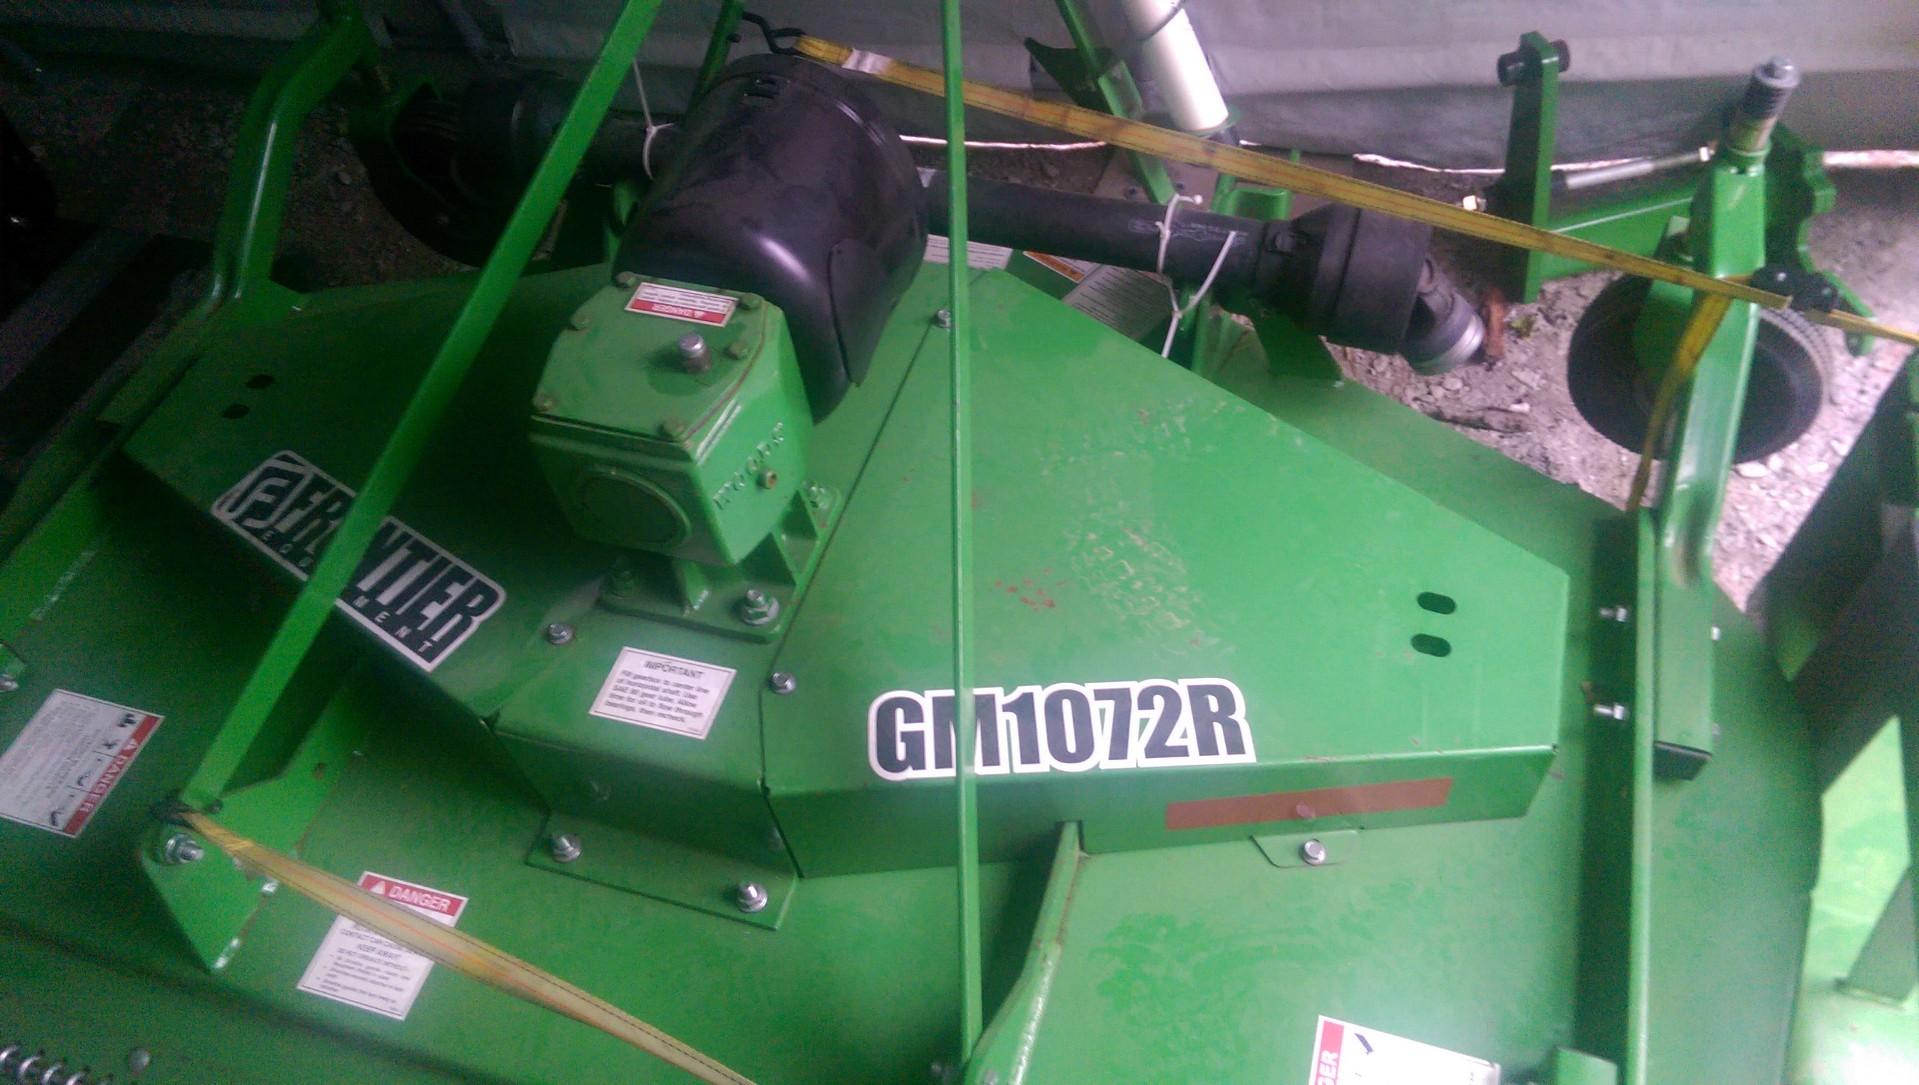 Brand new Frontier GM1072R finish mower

* * *

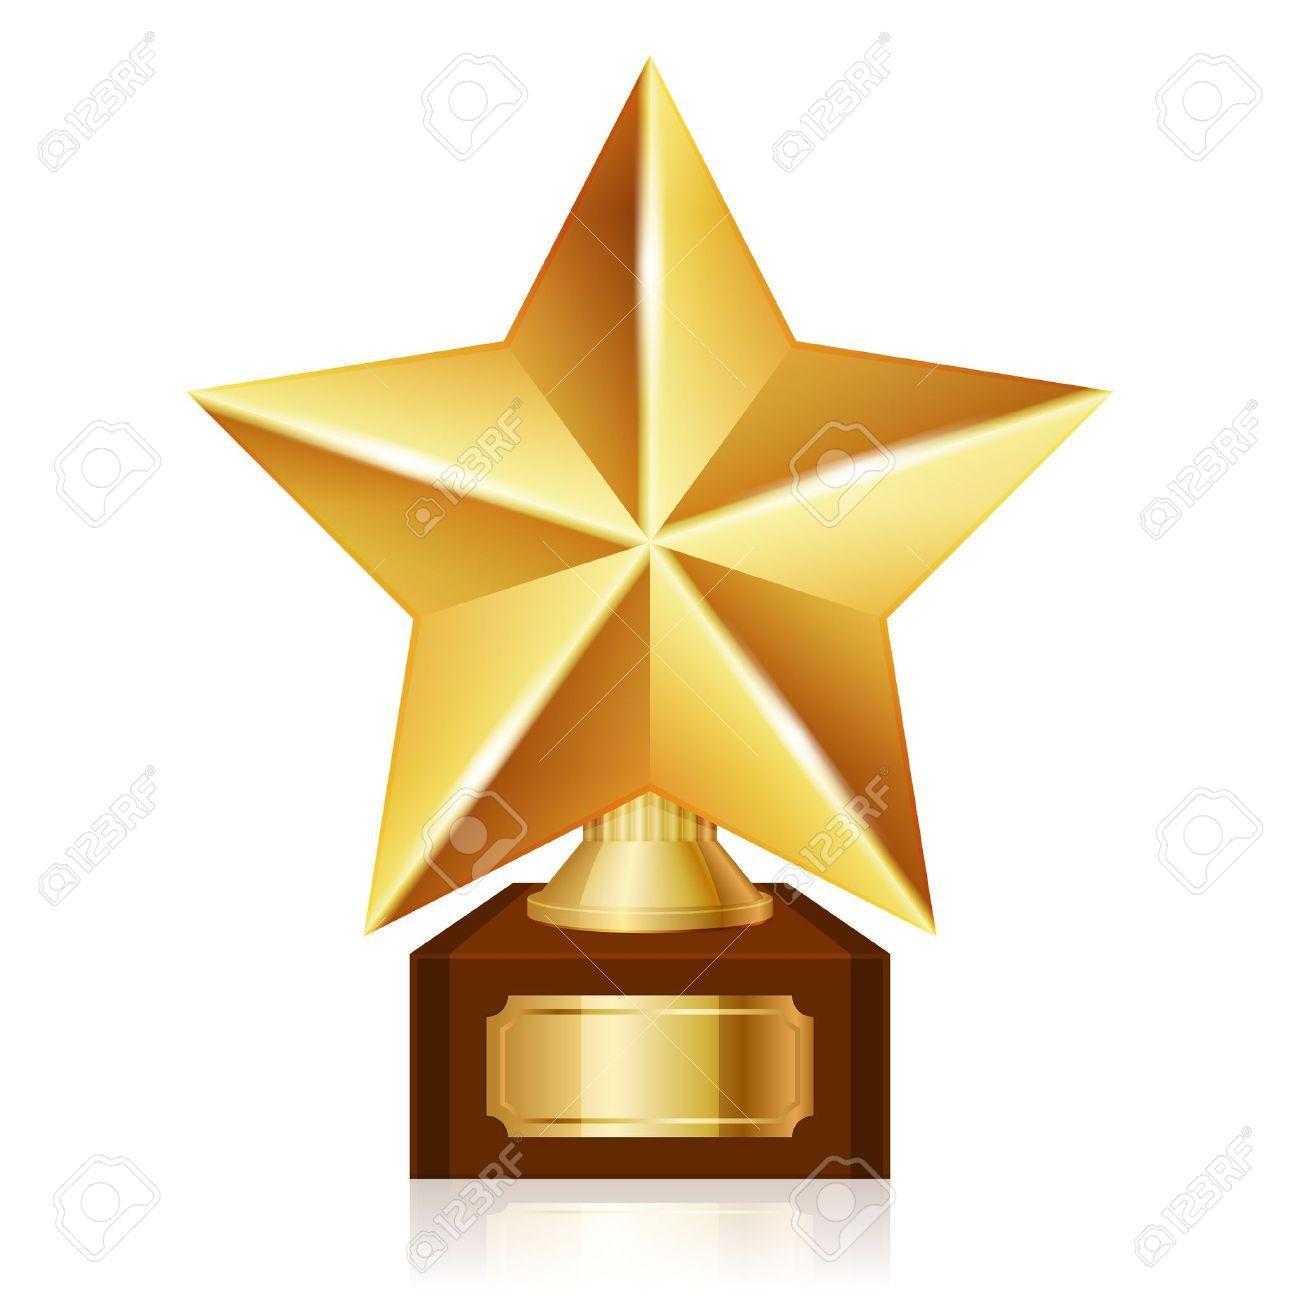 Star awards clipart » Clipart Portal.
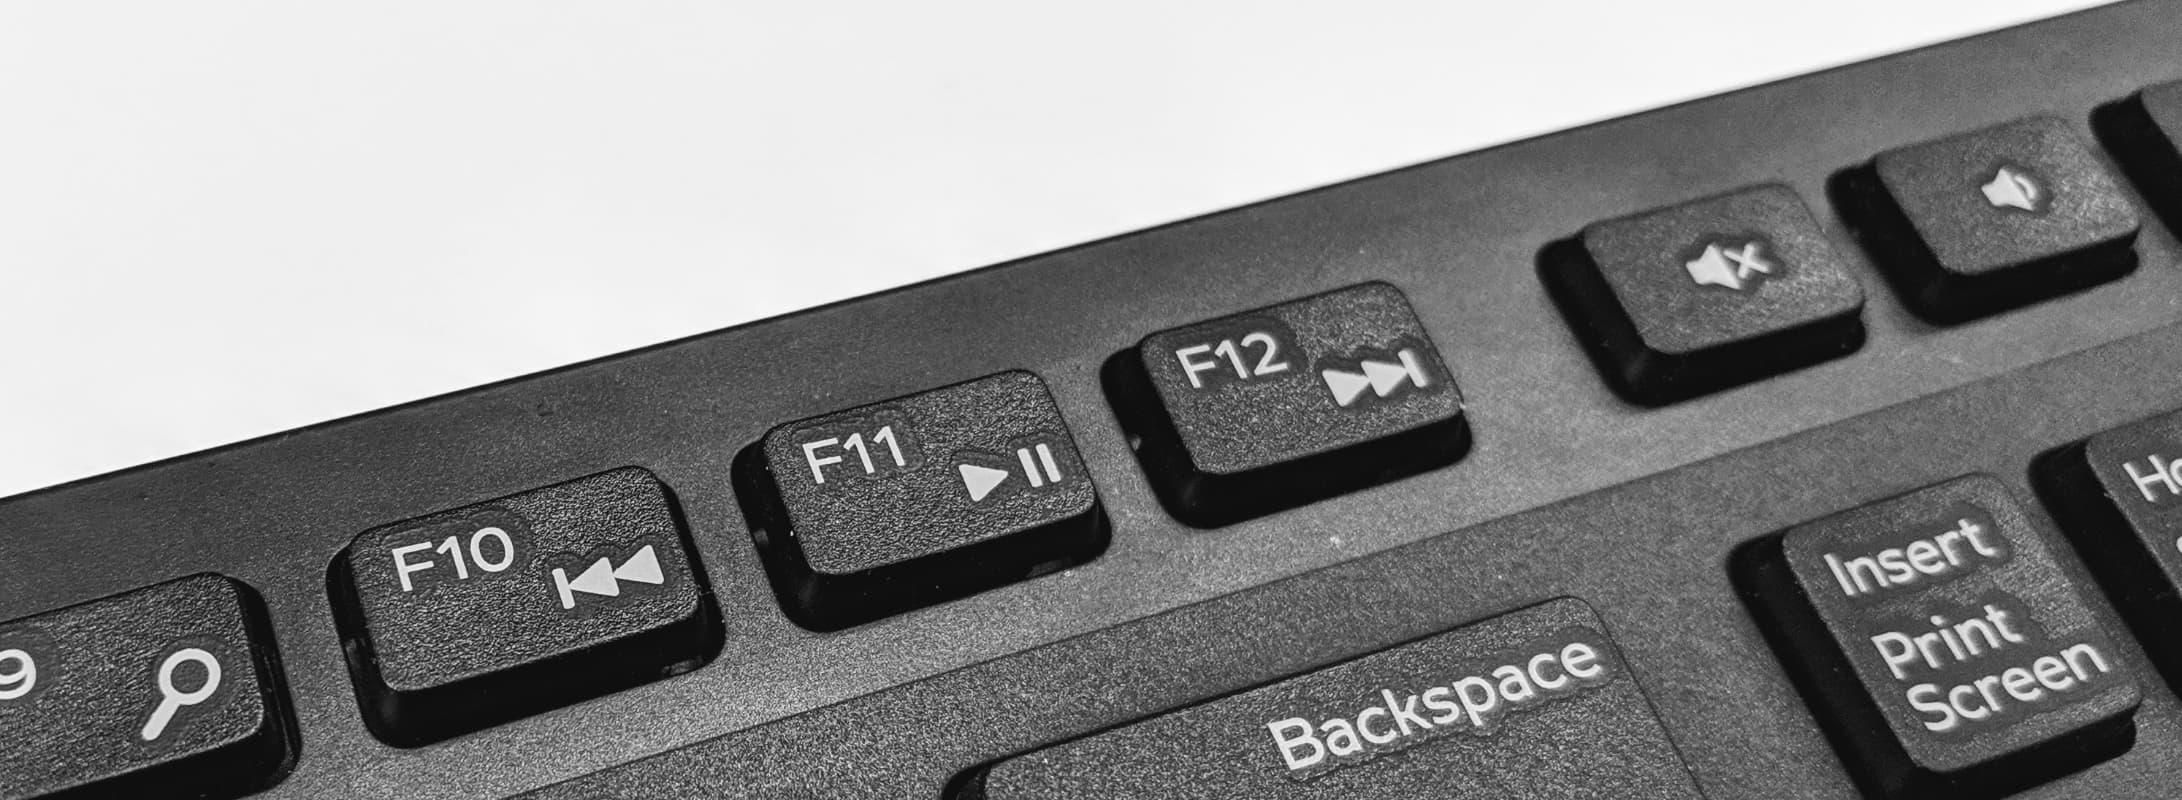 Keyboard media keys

* * *

**What you are asked to do:** Give back exactly the lines above that run from the one with "Star awards clipart" to the one with "Keyboard media keys", including both, with the pictures left out.

**Reply:**
 Star awards clipart » Clipart Portal.
 Keyboard media keys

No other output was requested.